Rickert Christian, Proenza Catherine
Department of Physiology and Biophysics, University of Colorado-Anschutz Medical Campus, Aurora, Colorado.
Department of Physiology and Biophysics, University of Colorado-Anschutz Medical Campus, Aurora, Colorado.
Biophys J. 2017 Aug 22;113(4):765-769. doi: 10.1016/j.bpj.2017.07.001.
Sinoatrial node myocytes act as cardiac pacemaker cells by generating spontaneous action potentials (APs). Much information is encoded in sinoatrial AP waveforms, but both the analysis and the comparison of AP parameters between studies is hindered by the lack of standardized parameter definitions and the absence of automated analysis tools. Here we introduce ParamAP, a standalone cross-platform computational tool that uses a template-free detection algorithm to automatically identify and parameterize APs from text input files. ParamAP employs a graphic user interface with automatic and user-customizable input modes, and it outputs data files in text and PDF formats. ParamAP returns a total of 16 AP waveform parameters including time intervals such as the AP duration, membrane potentials such as the maximum diastolic potential, and rates of change of the membrane potential such as the diastolic depolarization rate. ParamAP provides a robust AP detection algorithm in combination with a standardized AP parameter analysis over a wide range of AP waveforms and firing rates, owing in part to the use of an iterative algorithm for the determination of the threshold potential and the diastolic depolarization rate that is independent of the maximum upstroke velocity, a parameter that can vary significantly among sinoatrial APs. Because ParamAP is implemented in Python 3, it is also highly customizable and extensible. In conclusion, ParamAP is a powerful computational tool that facilitates quantitative analysis and enables comparison of sinoatrial APs by standardizing parameter definitions and providing an automated work flow.
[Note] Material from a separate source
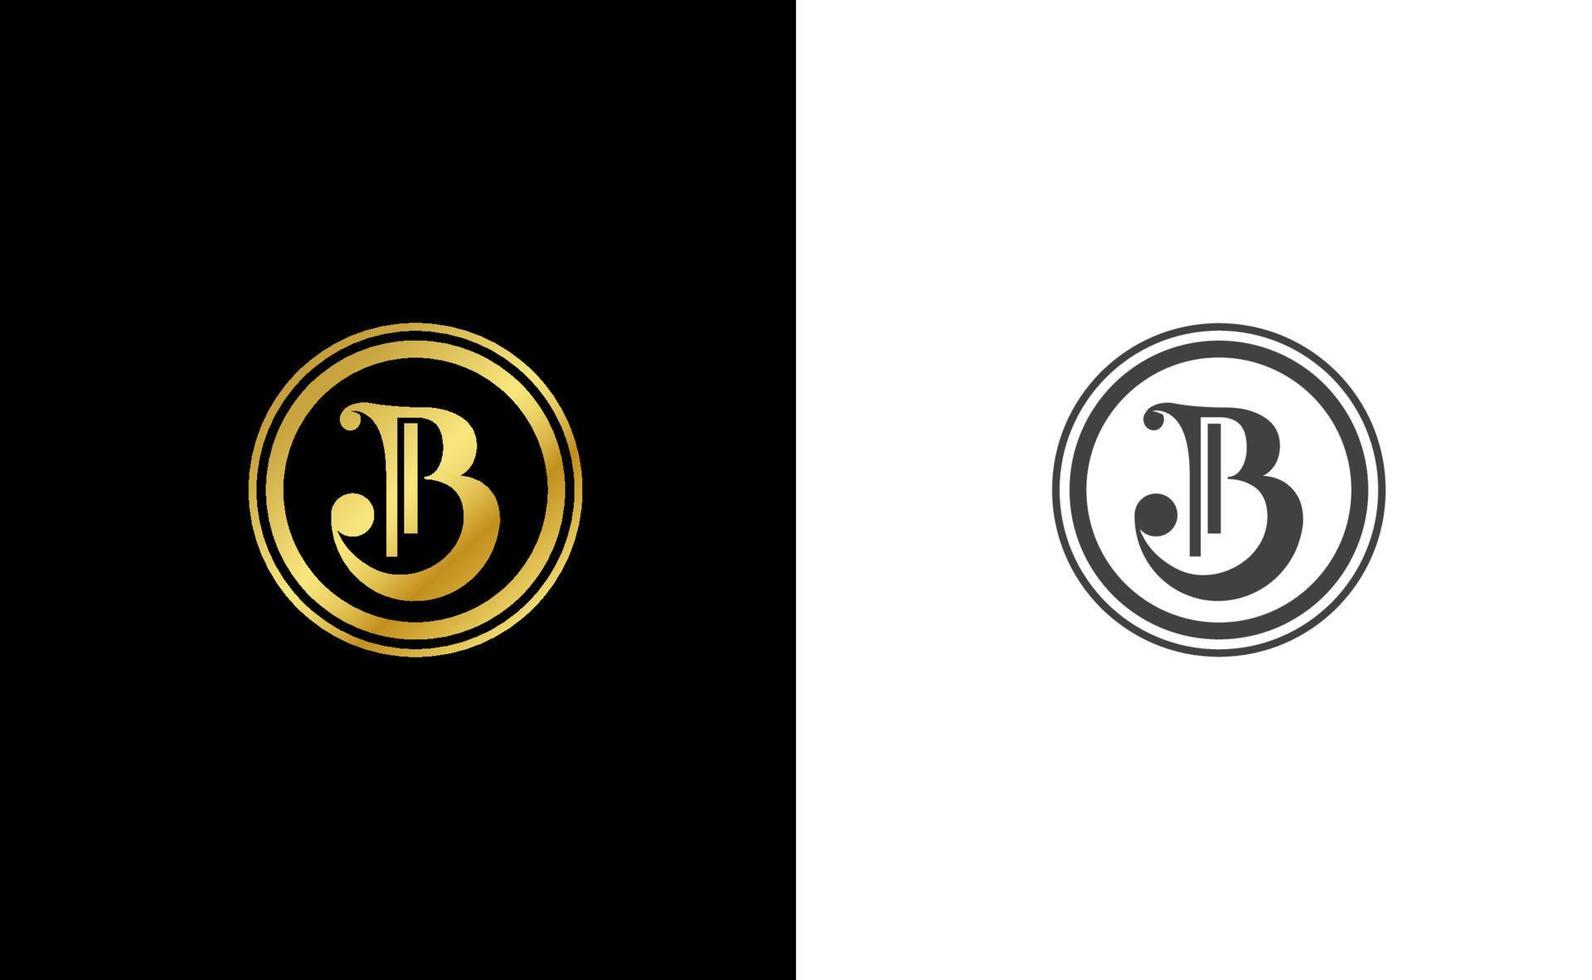 Plantilla de logotipo de vector de monograma de letra inicial b en estilo de lujo dorado

窦房结心肌细胞通过产生自发性动作电位(APs)充当心脏起搏器细胞。窦房结AP波形中编码了许多信息,但由于缺乏标准化的参数定义以及缺少自动化分析工具,研究之间AP参数的分析和比较受到了阻碍。在此,我们介绍ParamAP,这是一个独立的跨平台计算工具,它使用无模板检测算法从文本输入文件中自动识别AP并对其进行参数化。ParamAP采用具有自动和用户可定制输入模式的图形用户界面,并以文本和PDF格式输出数据文件。ParamAP总共返回16个AP波形参数,包括诸如AP持续时间等时间间隔、诸如最大舒张电位等膜电位以及诸如舒张期去极化速率等膜电位变化率。ParamAP结合了强大的AP检测算法以及在广泛的AP波形和发放率范围内进行标准化的AP参数分析,部分原因是使用了一种迭代算法来确定阈值电位和舒张期去极化速率,该算法独立于最大上升速度,而最大上升速度是一个在窦房结AP之间可能有显著差异的参数。由于ParamAP是用Python 3实现的,它还具有高度的可定制性和可扩展性。总之,ParamAP是一个强大的计算工具,通过标准化参数定义并提供自动化工作流程,便于进行定量分析并能够比较窦房结AP。